El 26 de marzo, en una entrevista con la televisión France Televisions, el ministro de Relaciones Exteriores ruso, Sergei Lavrov, dio evaluaciones detalladas sobre el incidente del gasoducto Nord Stream. Según el principal diplomático ruso, hay muchas señales de que fuerzas de Ucrania llevaron a cabo este incidente con el apoyo de agencias de inteligencia occidentales.
El Sr. Lavrov enfatizó especialmente el silencio inusual de la comunidad internacional ante un grave incidente de infraestructura energética. Expresó su decepción de que ningún país se pronunciara oficialmente para condenar esta acción.
El ministro de Relaciones Exteriores ruso evaluó que tanto Francia como Alemania parecen haber aceptado en secreto un acto destructivo, a pesar de que este incidente afecta directamente los intereses centrales y la seguridad energética de los propios países europeos.

Además, el jefe del Ministerio de Relaciones Exteriores de Rusia también notó los movimientos calculados recientes de Washington. Funcionarios estadounidenses comenzaron a mencionar la intención de controlar o hacerse cargo del resto del sistema Nord Stream.
La realidad muestra que, desde el incidente, Estados Unidos ha aumentado significativamente las exportaciones de gas natural licuado al mercado europeo, obteniendo beneficios económicos estratégicos en un contexto en el que los países aliados están luchando por resolver el problema de la escasez de energía.

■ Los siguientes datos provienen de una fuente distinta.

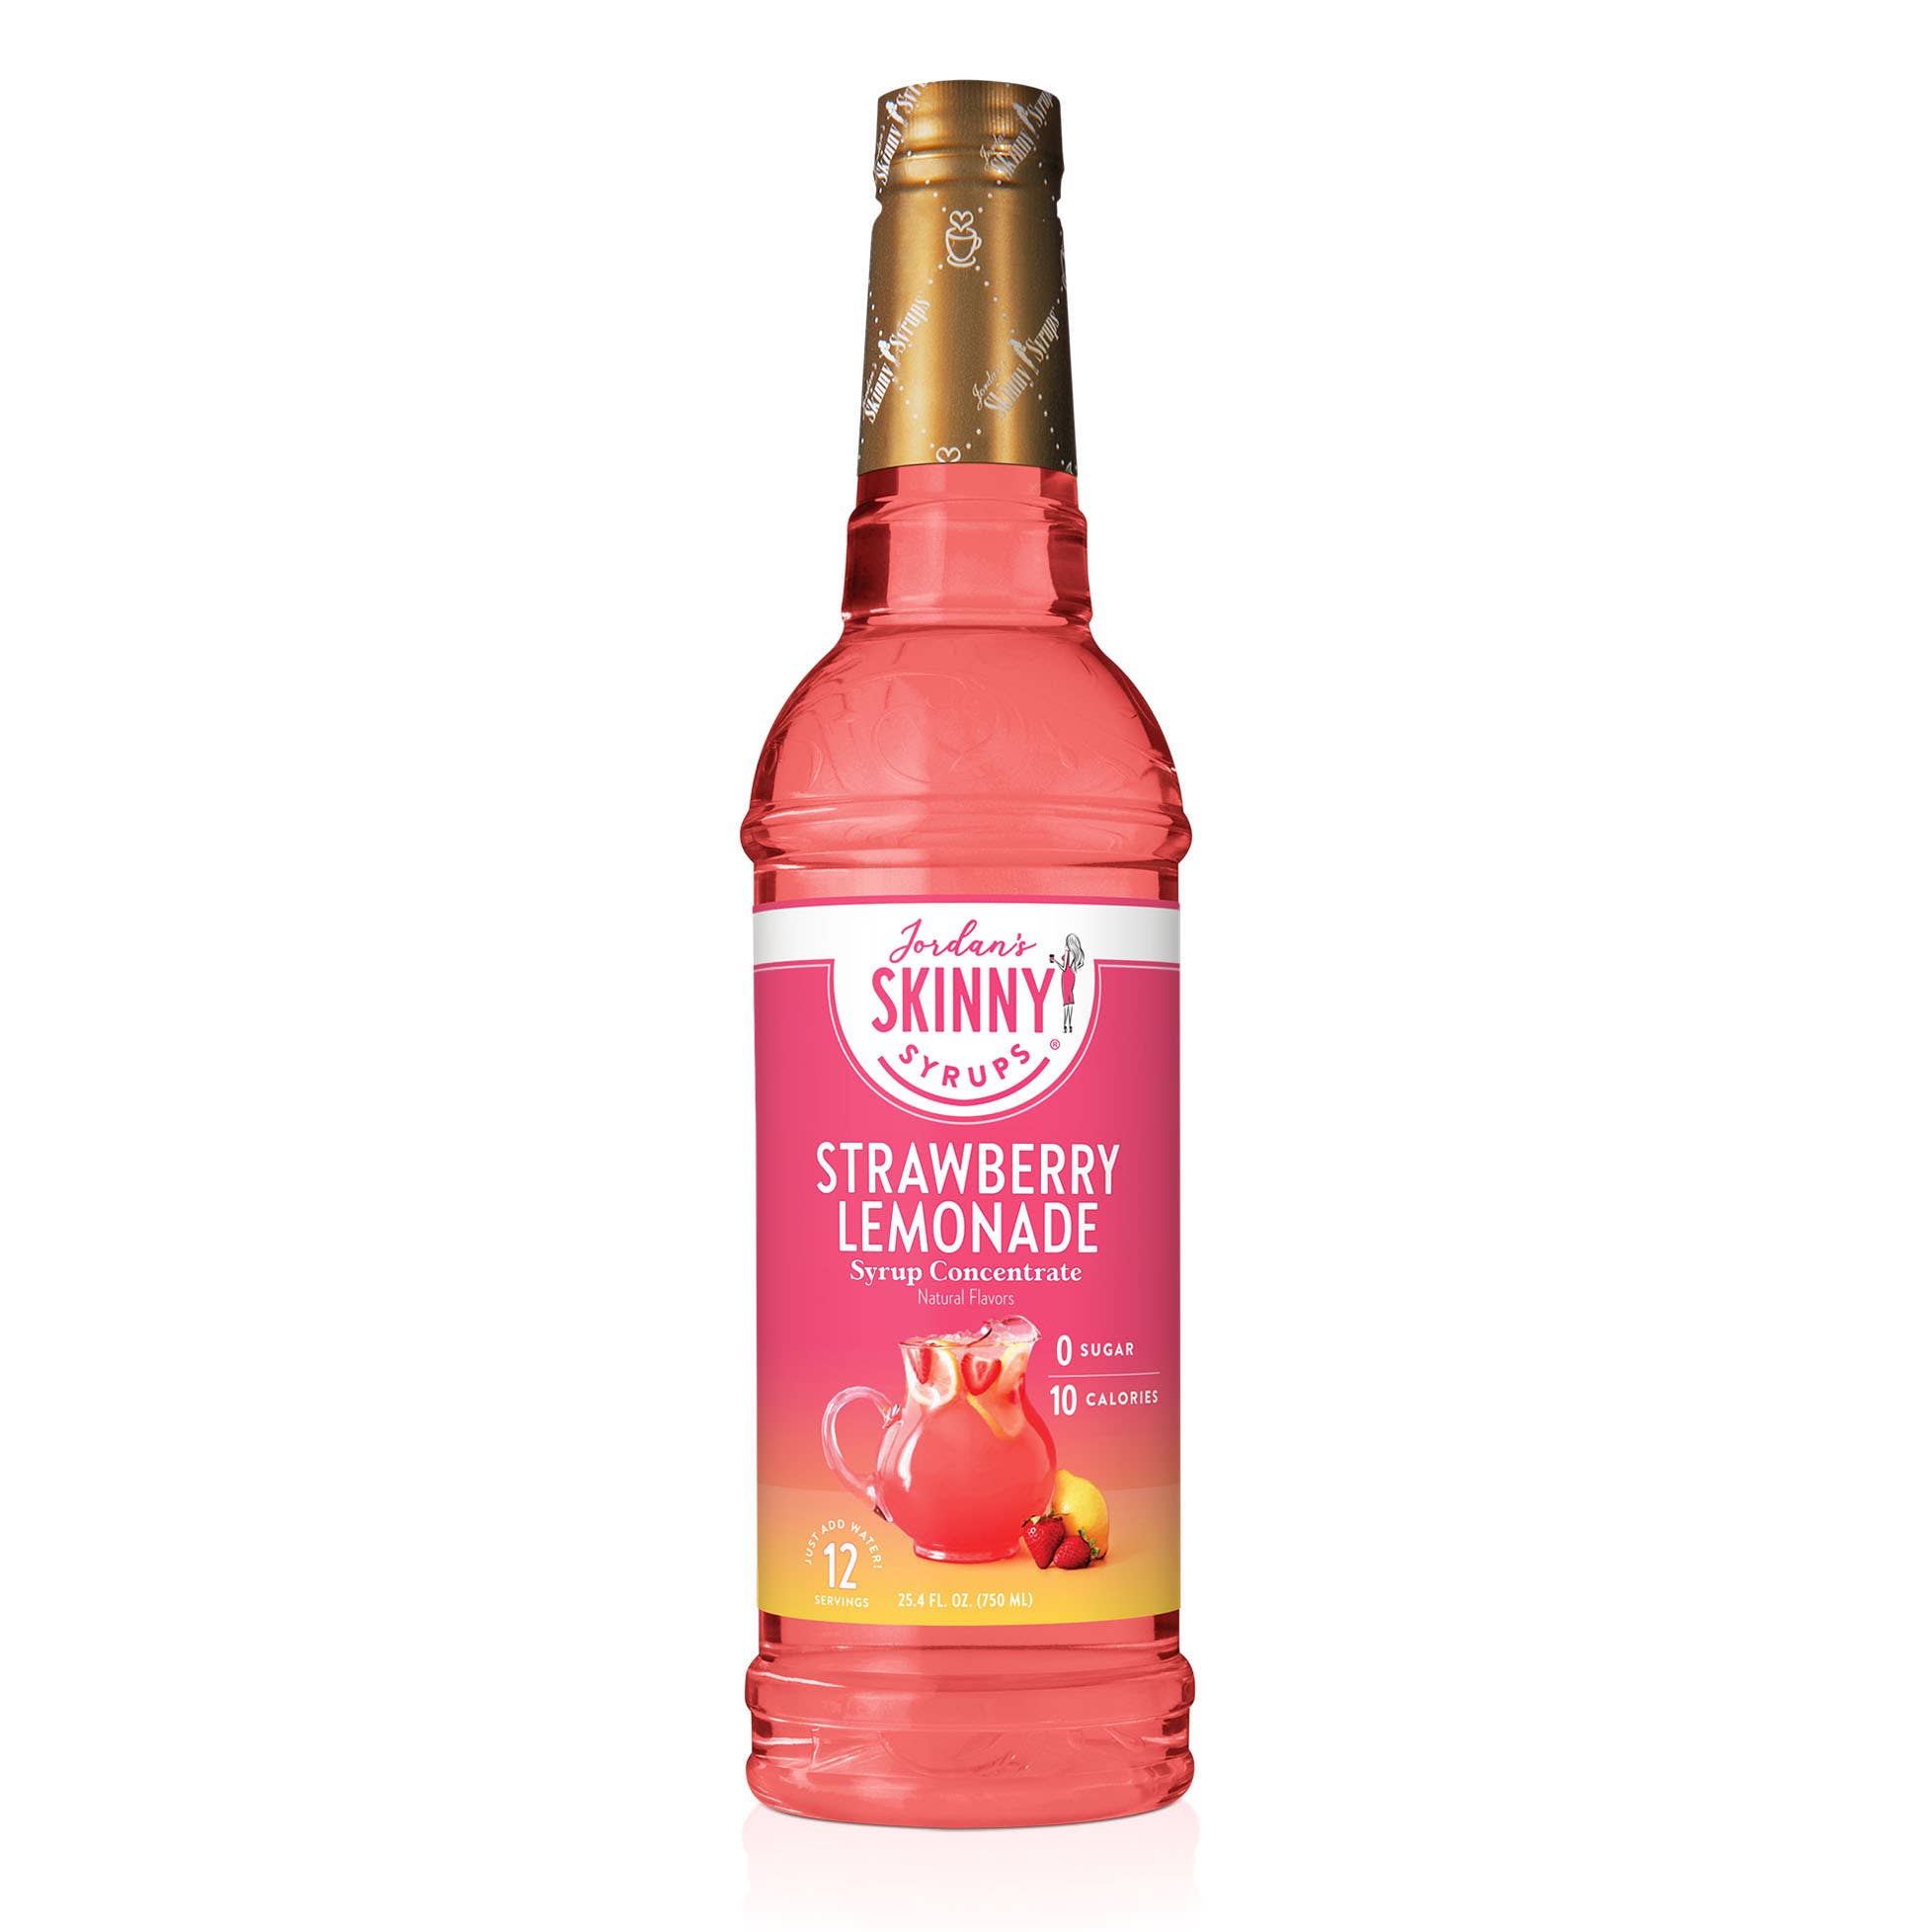 Strawberry Lemonade Syrup Concentrate

Mirando hacia atrás al contexto del incidente, el 26 de septiembre de 2022, un ataque a gran escala sin precedentes se dirigió al sistema de gasoductos submarinos Nord Stream y Nord Stream 2. Las consecuencias del incidente hicieron que 3 de las 4 ramas de este sistema resultaran completamente dañadas, dejando solo una rama de Nord Stream 2 intacta.
Inmediatamente después del incidente, la Fiscalía General de Rusia abrió oficialmente una investigación, considerándolo un acto de terrorismo internacional para aclarar la causa y determinar las partes responsables.